But finally, while we are endeavouring to be judicial, it is appropriate to think of the better side of King Philip. He, too, had obstacles to overcome, and he suffers from the pathetic consequences of success; for we forgive the weaknesses and vices and the underhand measures of the one who fails, but we are prone to impute the success of the man who succeeds, purely to the evil of his ways. Once more we may quote Prévost-Paradol
“Philip had closely observed Greece, with its incurable and daily augmenting weaknesses, and he had foreseen, as a magnificent future, the reunion of these powerless and divided people, under his sovereign authority. He had understood that the Grecian empire, defended by mercenaries and void of citizens, belonged to those who could put in the ranks the greatest number of trained soldiers, and that patriotism had no longer any part to play in this supreme struggle. The instinct and passion of craftiness, patience, the art of bribery, made him eminently suitable for those corrupting and lying manœuvres, which divide the enemy and prepare victory. And to these precious gifts were added an unrestrained ambition, sufficiently strong so as not to draw back in the face of any danger, sufficiently enlightened only to seek opportune contests, and to become great only through success. It is because Philip always saw ahead of his actions, and hoped for great things, that they were always appropriate and useful, and that he did them with such terrible activity. He gave himself up entirely to intrigues, to battles, to the formation of his army, to the subjection of Greece, and to vast hopes.

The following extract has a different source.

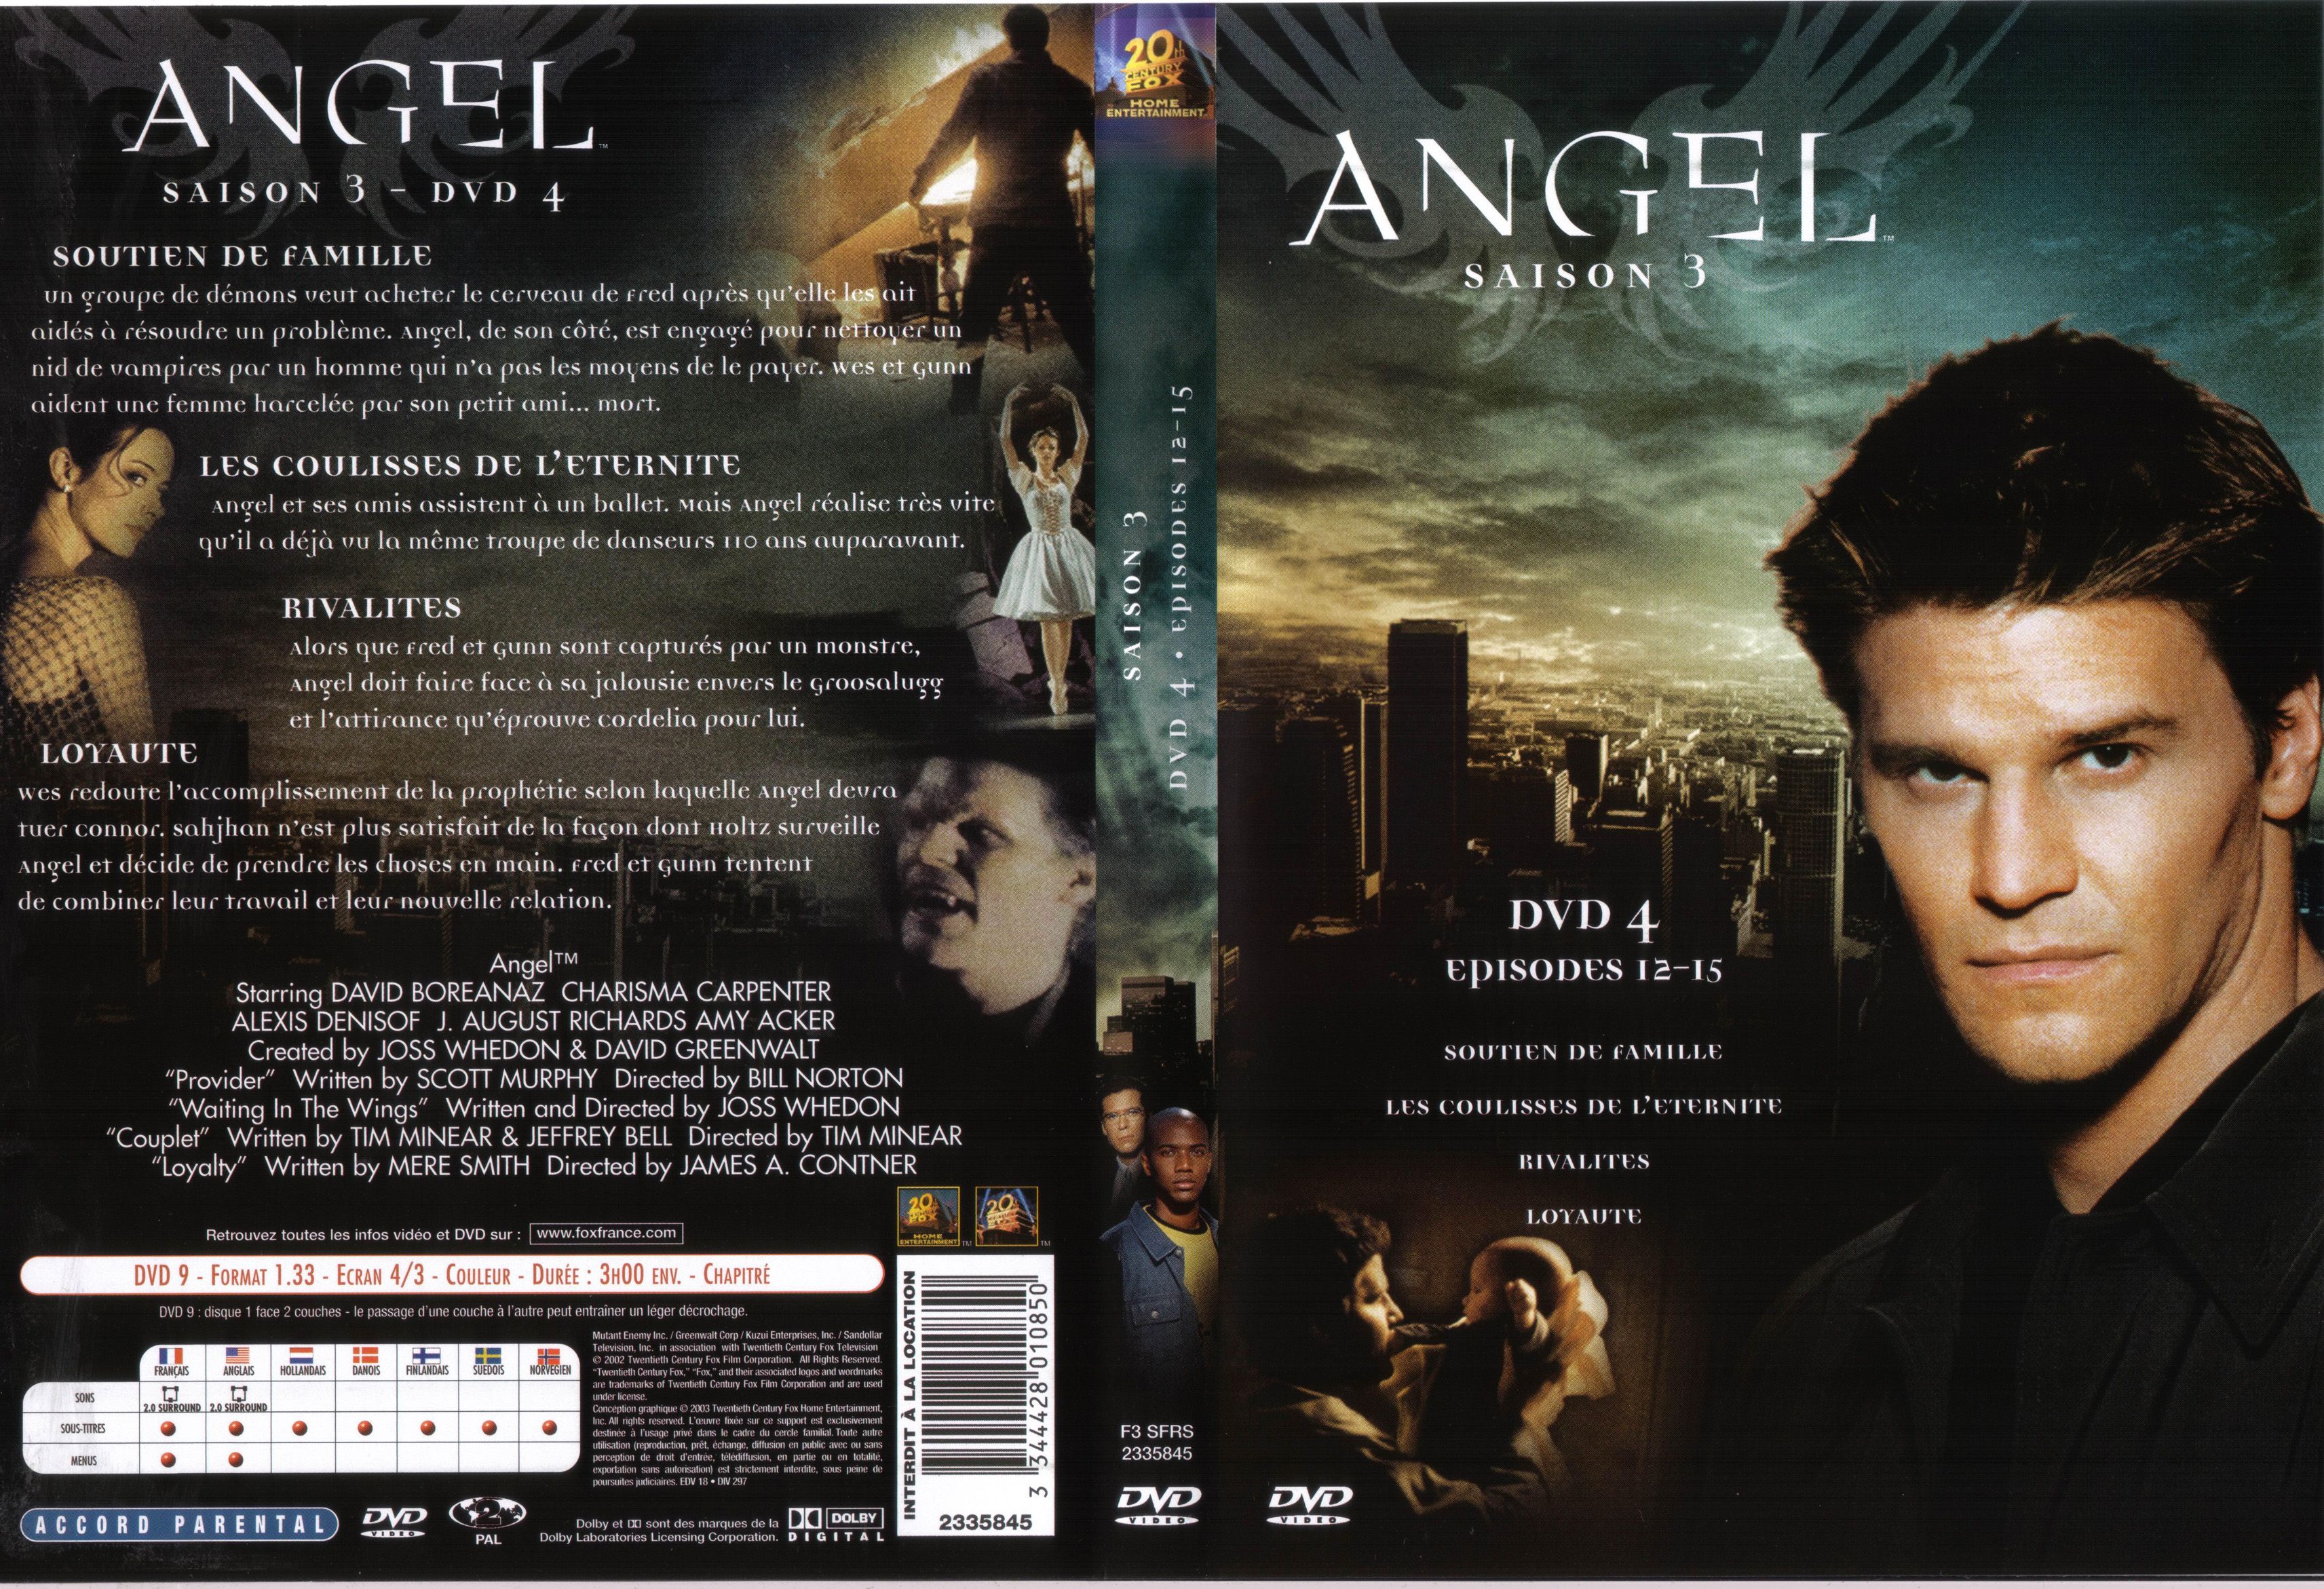 Jaquette DVD Angel saison 3 dvd 4

“It is with a sort of terror that Demosthenes saw and described him as being consumed by desires always greater, and carried away by a hidden strength from enterprise to enterprise. ‘I saw Philip with one eye put out, one shoulder broken, a crippled hand, a wounded thigh, abandon to fortune without ceremony or hesitation all that it wished to take of his body, provided the rest remained powerful and honoured.’ Who does not see that his unchecked activity followed a more elevated aim than the submission of Greece and that this great man, in a hurry to have finished, was afraid of seeing life suddenly fail his ambition? What could Greece do to such a genius, sustained by such a character?”
Ruins of the Gate of the Propylea of Athens
Professor Bury
THE SACRED WAR
[359-351 B.C.]
Alexander, the tyrant of Pheræ, was assassinated in 359 by his brothers-in-law, at the instigation of his wife, Thebe, she having taken care to deprive him of his sword while he slept and to remove the dogs which guarded the entrance to his chamber. She then introduced her brothers, and on their hesitating to deal the blow she threatened to awake her husband. The murderers assumed Alexander’s tyranny, and one of them, Lycophron, was on the throne when Philip was summoned to oppose him by the powerful family of the Aleuadæ of Larissa, who, like the Macedonian kings, pretended to descend from Hercules. Philip was then besieging Methone, the only city of the Thermaic Gulf which still formed part of the Athenian federation. After having received a wound which cost him one eye, he took the city, razed it to the ground, and seized the occasion which then offered to enter Thessaly. Lycophron having made an alliance with the Phocians, Phayllus, brother of Onomarchus, came to his aid with seven thousand men. Philip defeated Phayllus, but was himself defeated by Onomarchus, who forced him back into Macedonia while he, Onomarchus, returned to Bœotia to gain possession of Coronea. But Philip reappeared shortly with a new army: his forces united to those of Thessaly amounted to twenty thousand men and three thousand horses. Against the Phocians, who had stolen the treasure of the temple of Delphi, he appeared as an avenger of Apollo, and all his soldiers wore crowns made of laurel leaves from Tempe.